Review: Arden of Faversham by Hidden Room Theatre
by Michael Meigs
Who knew that dusty old unperformed plays could be such fun? The Hidden Room, that admirable project of Beth Burns, is devoting three weekends to bringing back to life Elizabethan scripts that may -- or may not -- have had William Shakespeare as an unacknowledged collaborator (mind you, almost everyone was uncredited in the theatre of the day). Scholars have attributed 37 works to the Bard, and there's always speculation about more.
These are not amateurs standing awkwardly with scripts in their hands. Burns recruits top Austin talent for these staged readings. They're folks you've seen at Austin Shakespeare, at the Zach Theatre, at Penfold Theatre and in large part in the antics at the Hidden Room, an impressive long hall upstairs at the York Rite Mason Temple on W. 7th Street downtown.
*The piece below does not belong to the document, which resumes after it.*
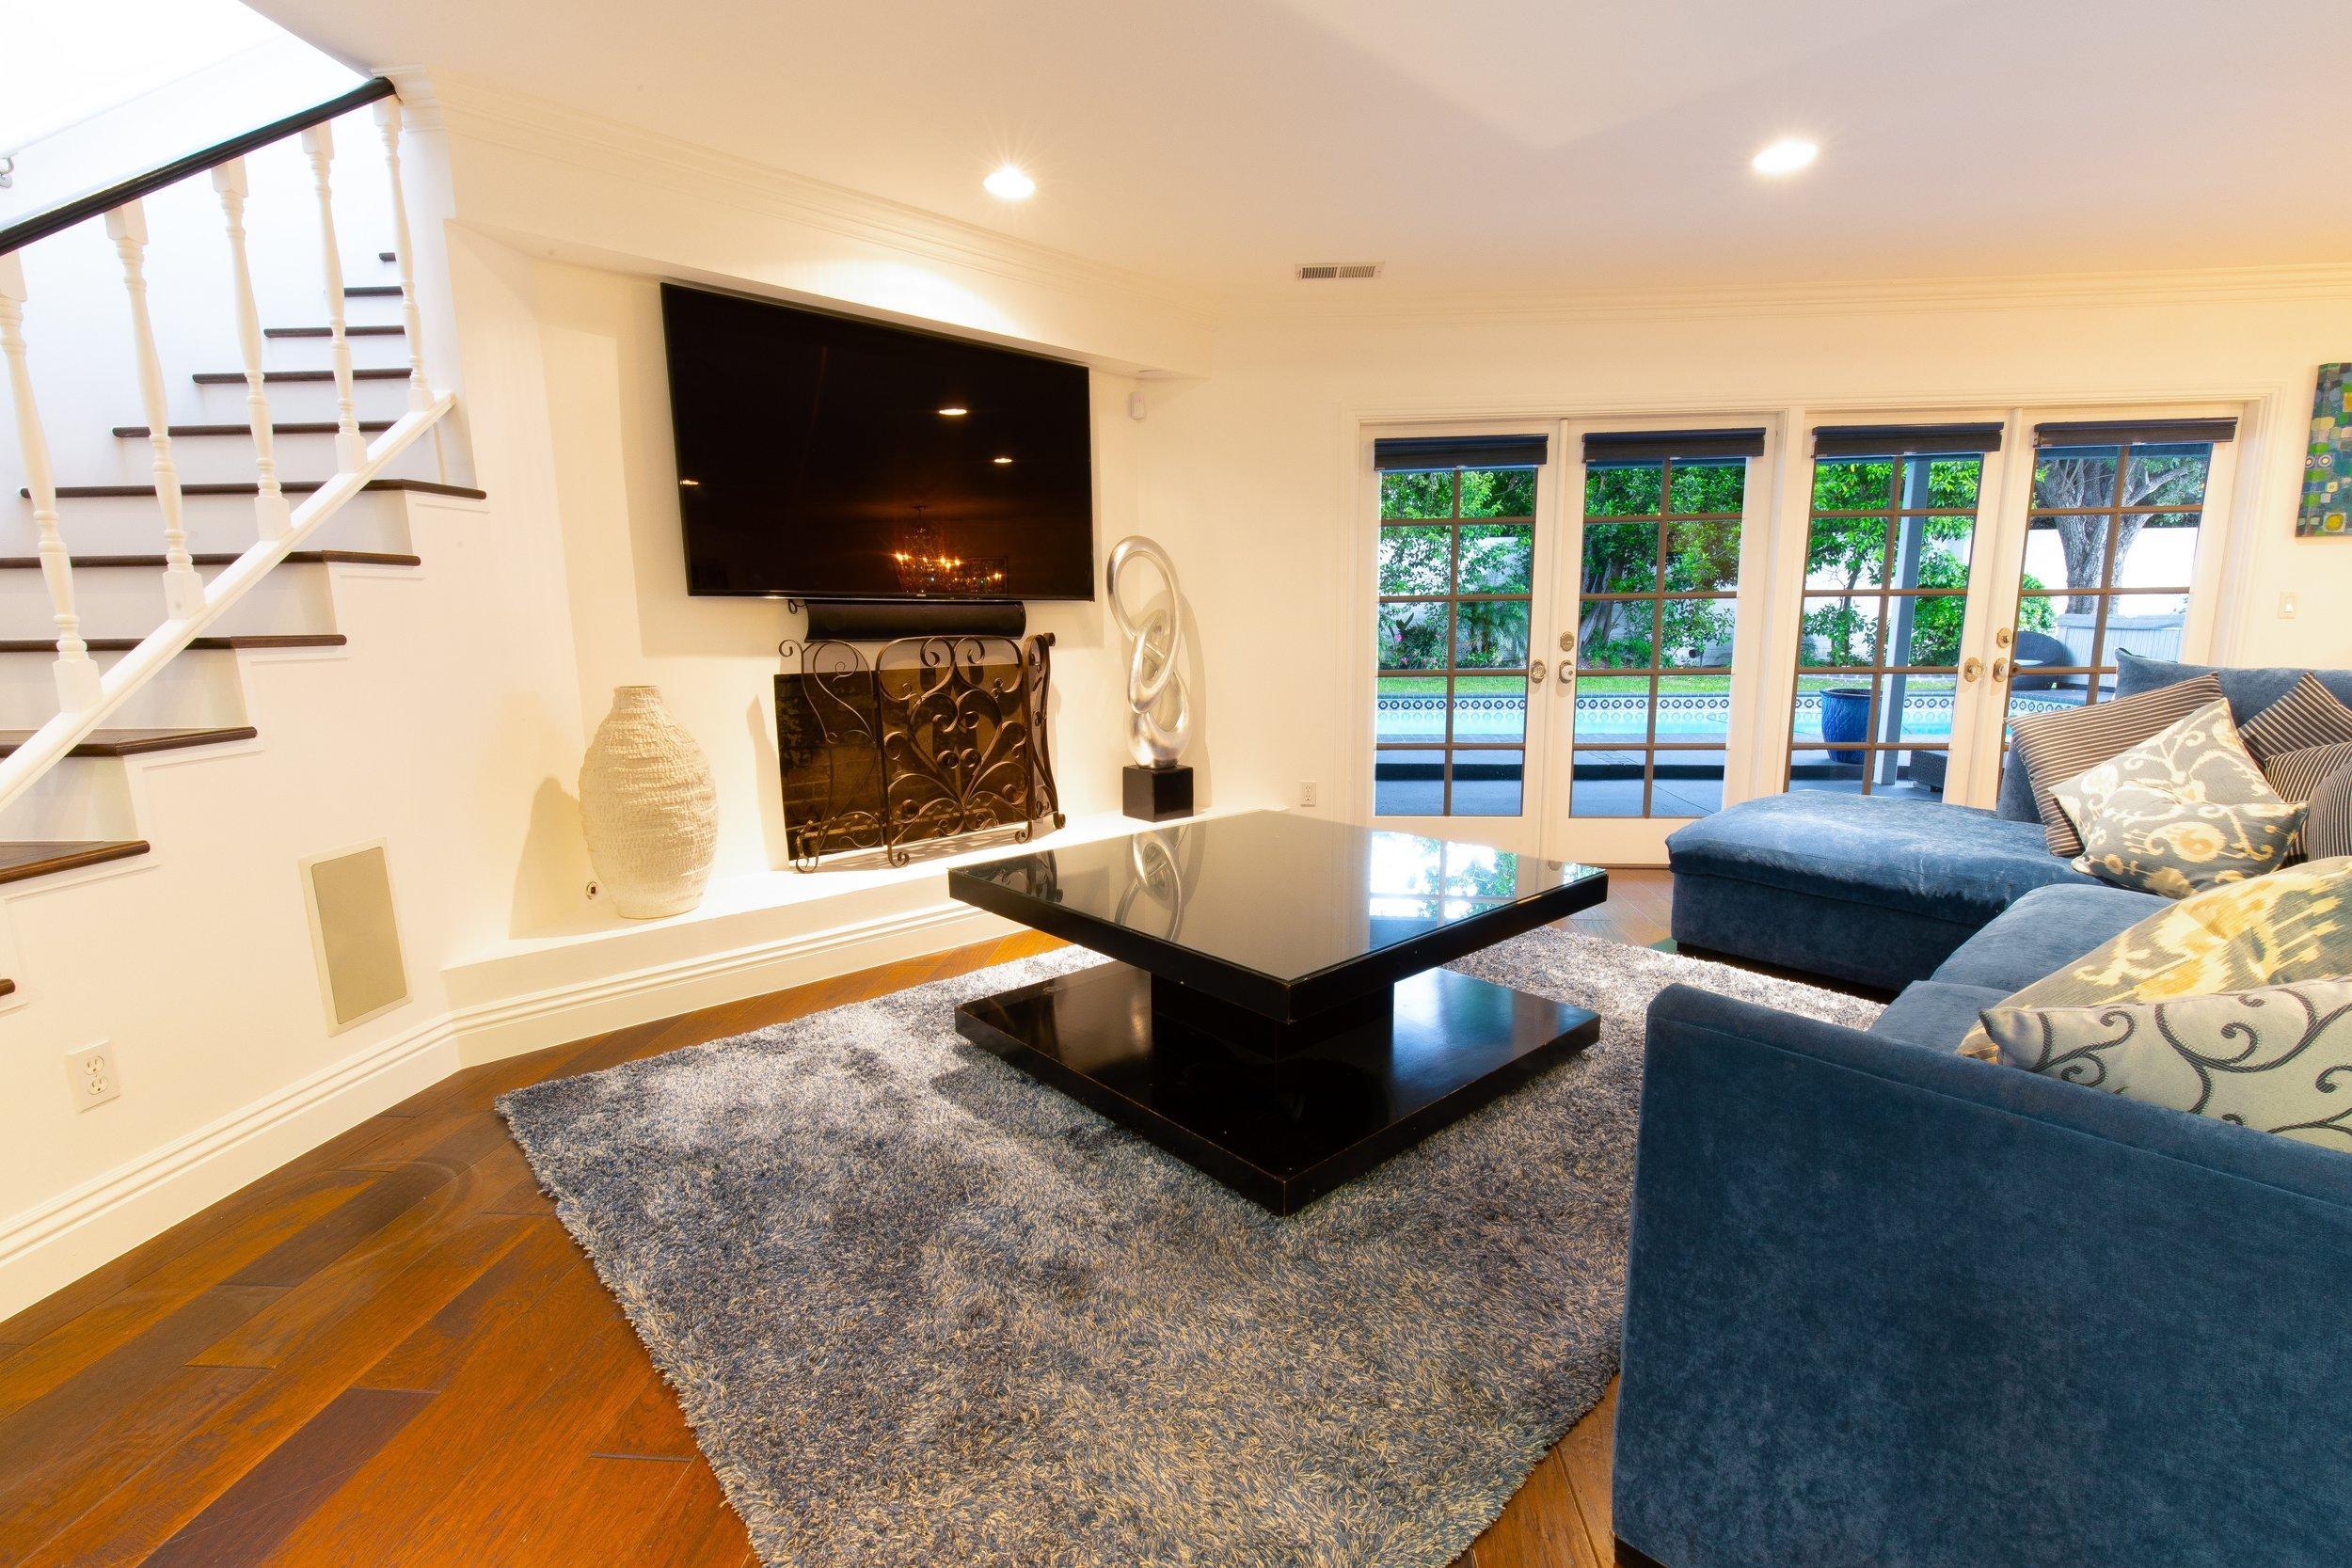 MLS The Living Room 2_-2.jpg

Rehearsals were limited, as in Shakespeare's day, but the presentations are fully blocked, costumed and characterized, the next best thing to all-bells-and-whistles formal stagings. The fact that the actors are carrying scripts does very little to diminish the drama (and the infrequent occasions when someone loses his place in the script added to the laughter).
Arden of Faversham is a murder story (not a trace of mystery to it, for we all know that Robert Matney as the foolishly credulous Arden is going to get it eventually), and it's a comedy.
It seems that everyone is trying to figure out how to do him in -- his duplicitous wife Alice (played by the brassy Barbara Chisholm) doses his soup with poison; her lover the dandy Mosbie (Nathan Jerkins) would like to top the cuckolded Arden with a tombstone; resentful tenant farmer Greene (Lowell Bartholomee) agrees to hire ruffians; servant Michael (Isto Barton) is won to the scheme by the promise of Mosbie's sister Susan (Julia Lorenz-Olson); Clarke the painter (Karim Badir) offers a painting that poisons on sight and a crucifix that's fatal to touch; and murderers Black Will (Jason Newman) and Shakebag (Joseph Garlock) are the most comical pair of Sopranos-style mugs ever to try and fail repeatedly to get their man. Everyone has a good time with this one -- so much so that Matney, once they finally, finally caught up with him, couldn't resist a grin and chortle as he loomed dead in the closet.
Is it Shakespeare? No, almost certainly not; this 1590 piece was staged at the very beginning of Shakespeare's activity in London, and its blood-and-thunder plot, based on a contemporary murder investigation, was calculated to please the groundlings more than the lordlings. But there are moments -- particularly the soliloquy toward the middle when the seducer Mosbie broods on the confusion and vileness of the undertaking -- when you hear texts that just might have served as precursors to some of the great meditations.
So if you missed it, too bad for you -- but there are two more of these apocrypha, wistfully ascribed by some, at least in part, to Shakespeare. They run Friday-Sunday of upcoming weekends. Next up: the fairy taleMucedorus, a great success back in the day.
This is painless education in bardology, theatre, and staging. And, as always with the Hidden Theatre, it's a great deal of fun.
Arden of Faversham
Hidden Room Theatre
The shows ran October 17th through November 1st, 2014 to standing ovations, hearty press, and jubilant scholars. It begins what we hope will be only the first of such apocryphal endeavors.